GIVEN INFORMATION
--------------------

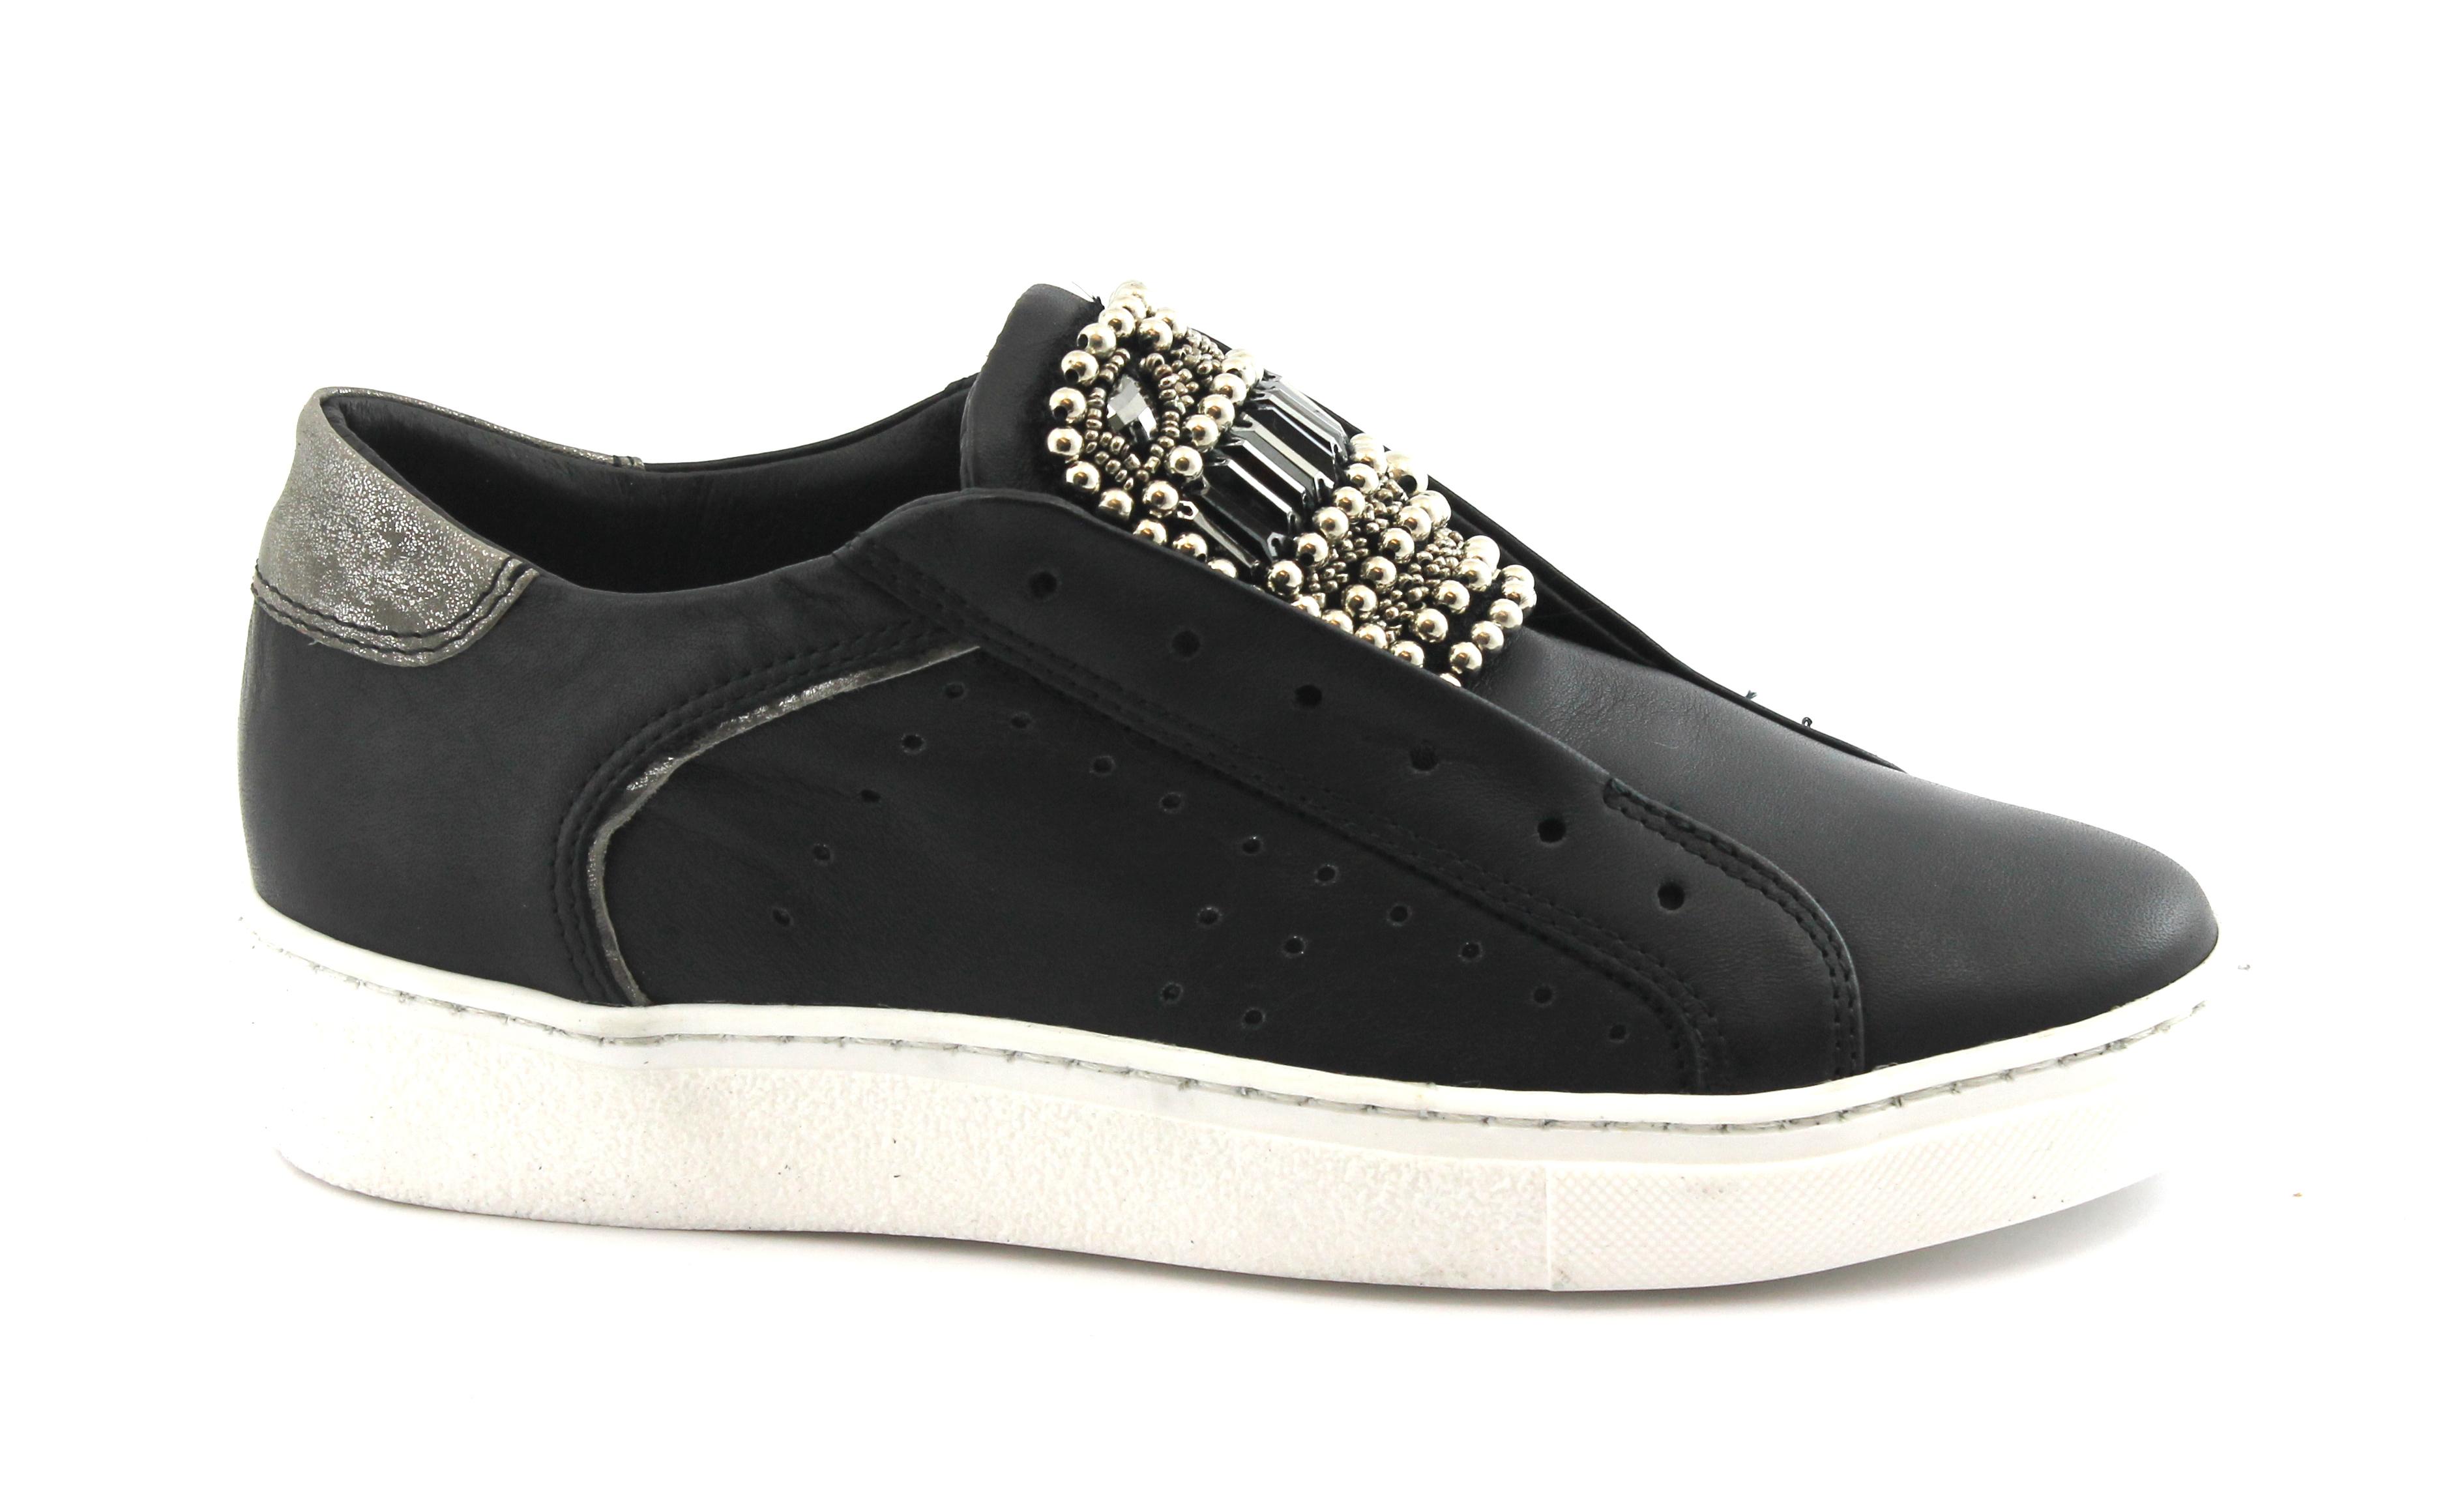 Slip Nero Sneakers Pelle Nay'e Scarpe Donna 1a63450 On Sportive Yf6g7yvb
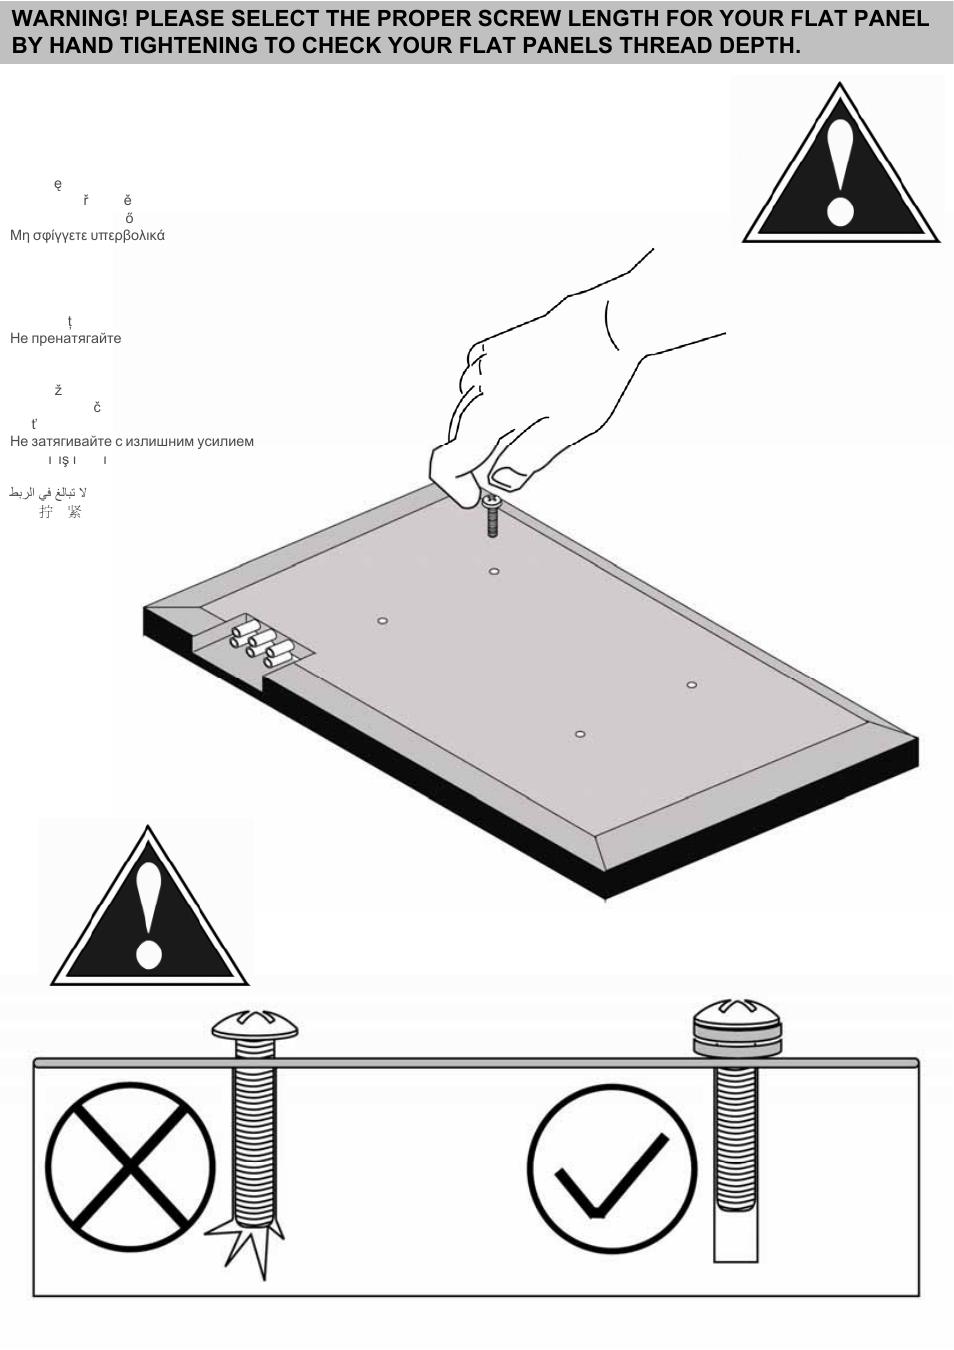 omnimount 4n1 s manual ru user manual page 12 20 rh manualsdir com
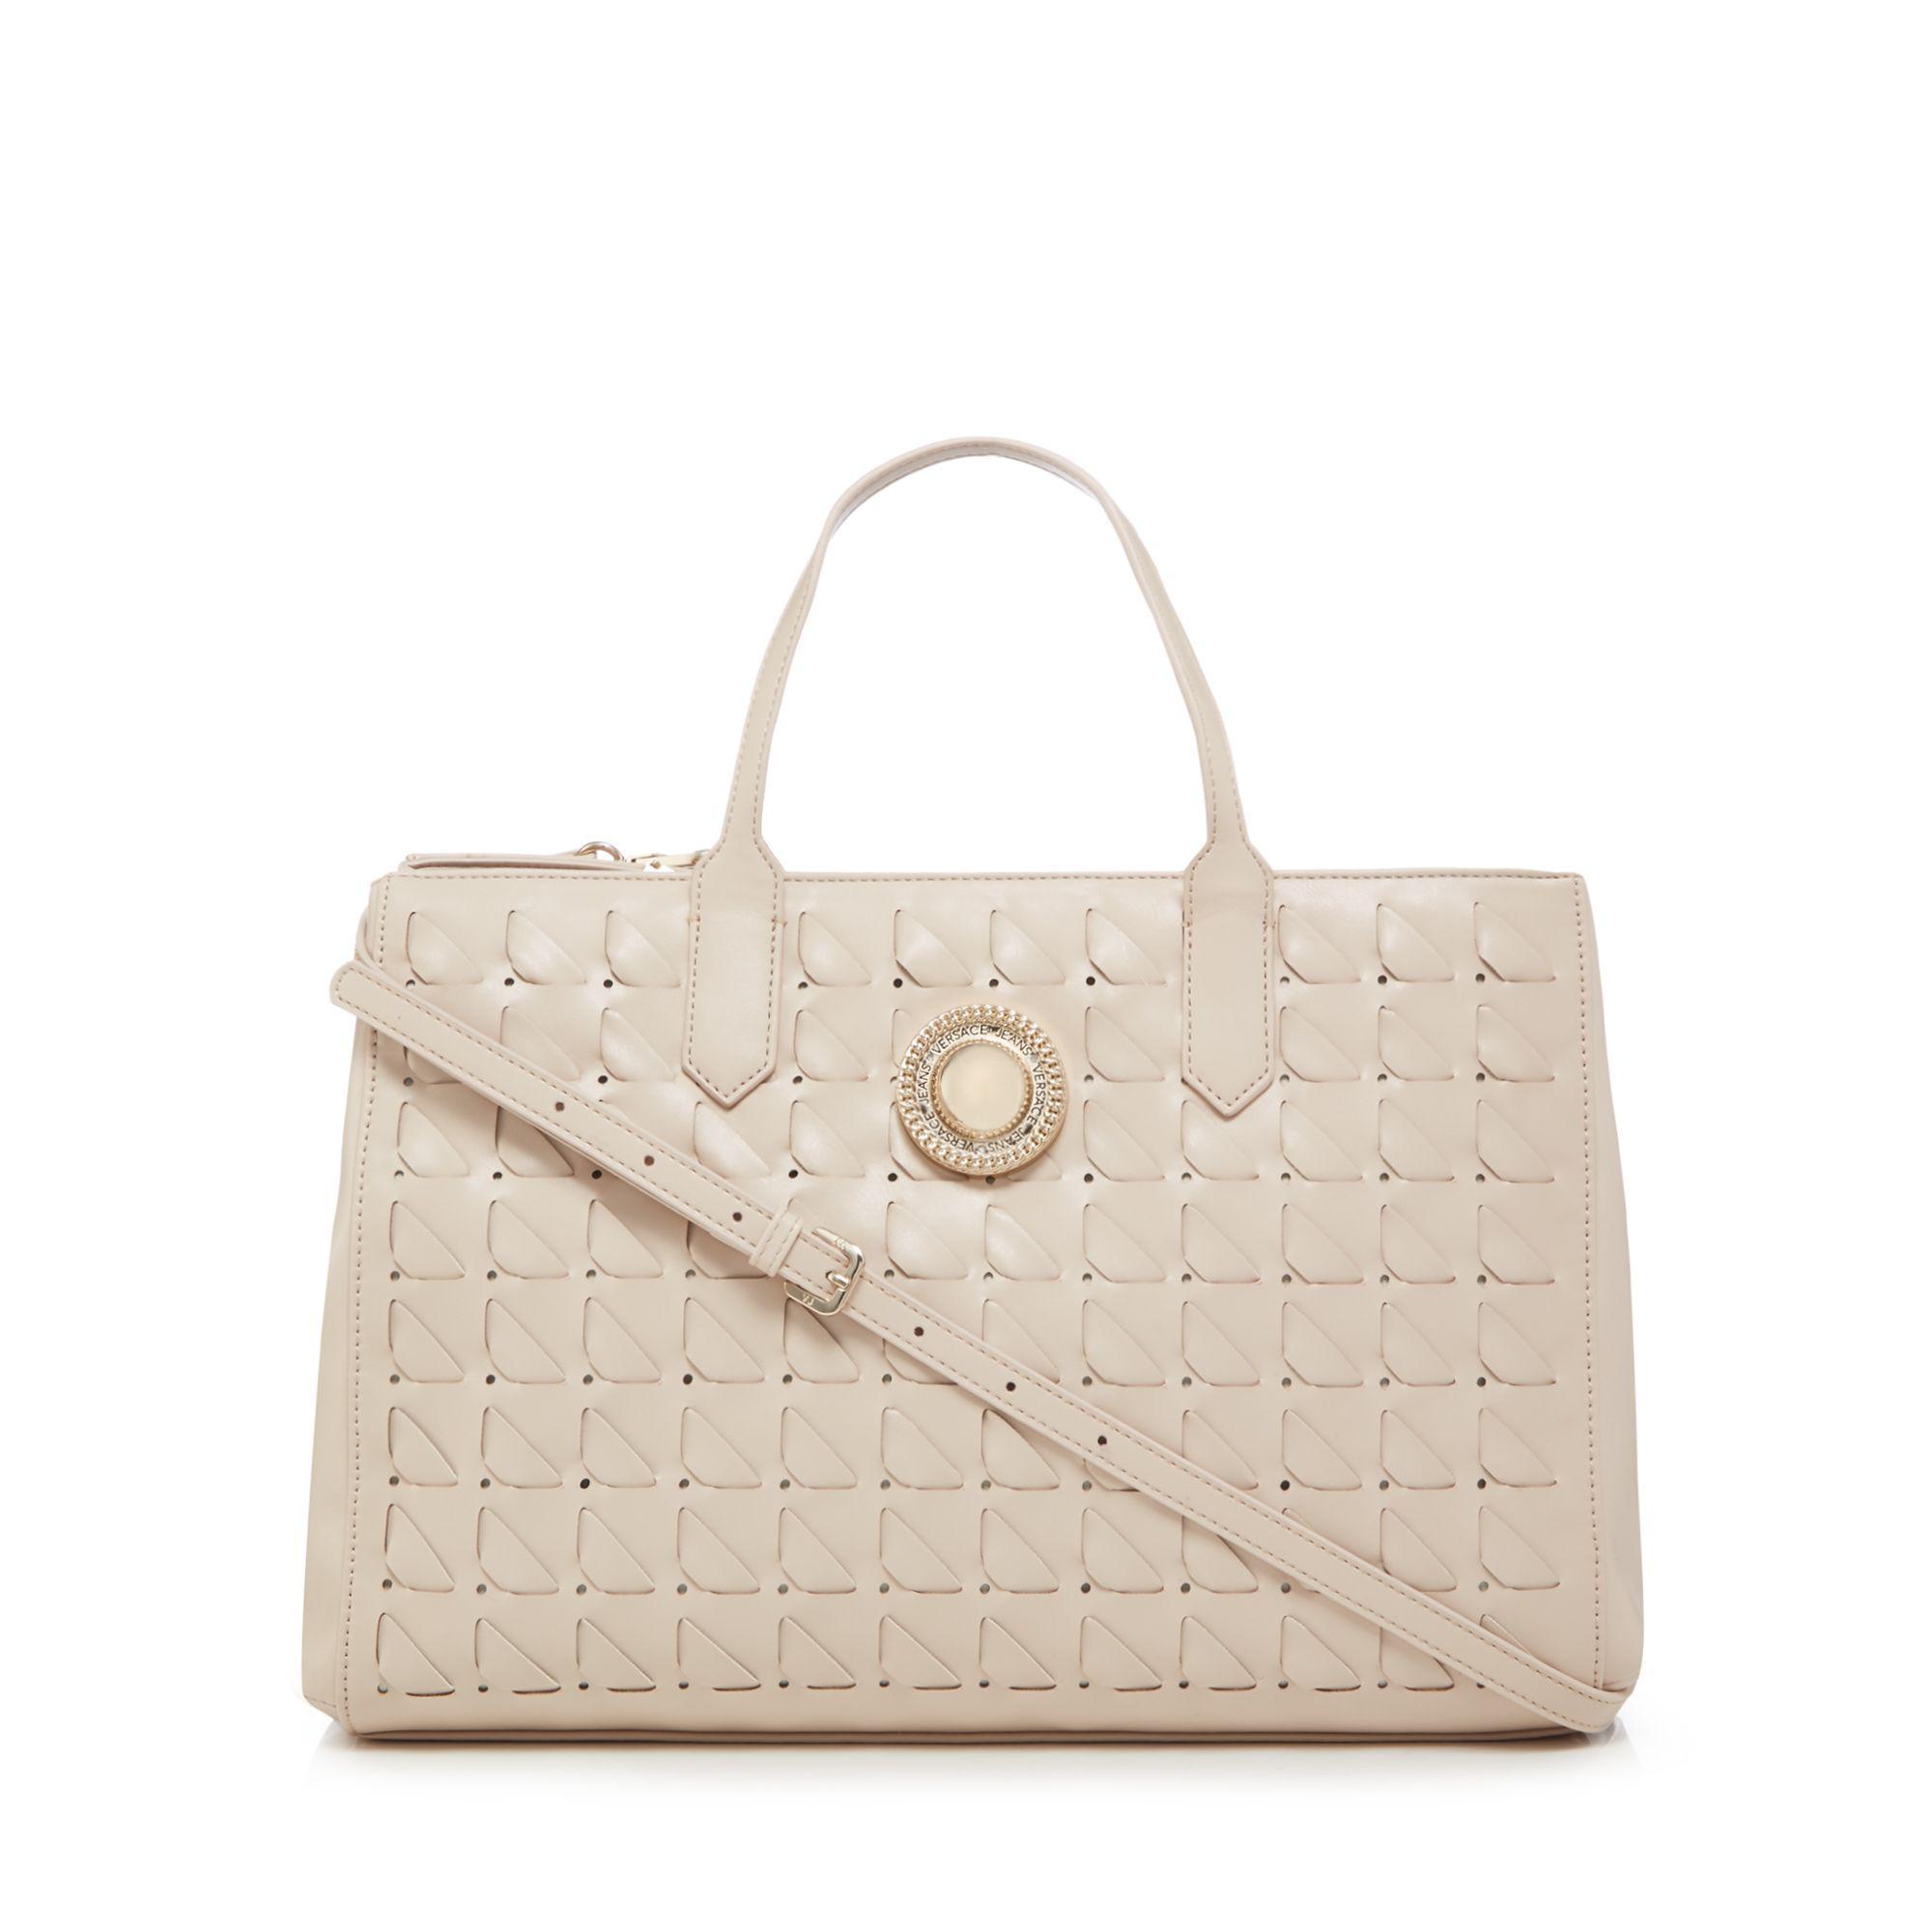 Versace Jeans Cream Interlace Shoulder Bag in Natural - Lyst c47146d13f90b

--------------------

REQUIREMENT
The answer should consist only of the lines from the one with "omnimount 4n1 s" through the last line of the material above, copied exactly, with no pictures.

EXPECTED ANSWER
 omnimount 4n1 s manual ru user manual page 12 20 rh manualsdir com
 Versace Jeans Cream Interlace Shoulder Bag in Natural - Lyst c47146d13f90b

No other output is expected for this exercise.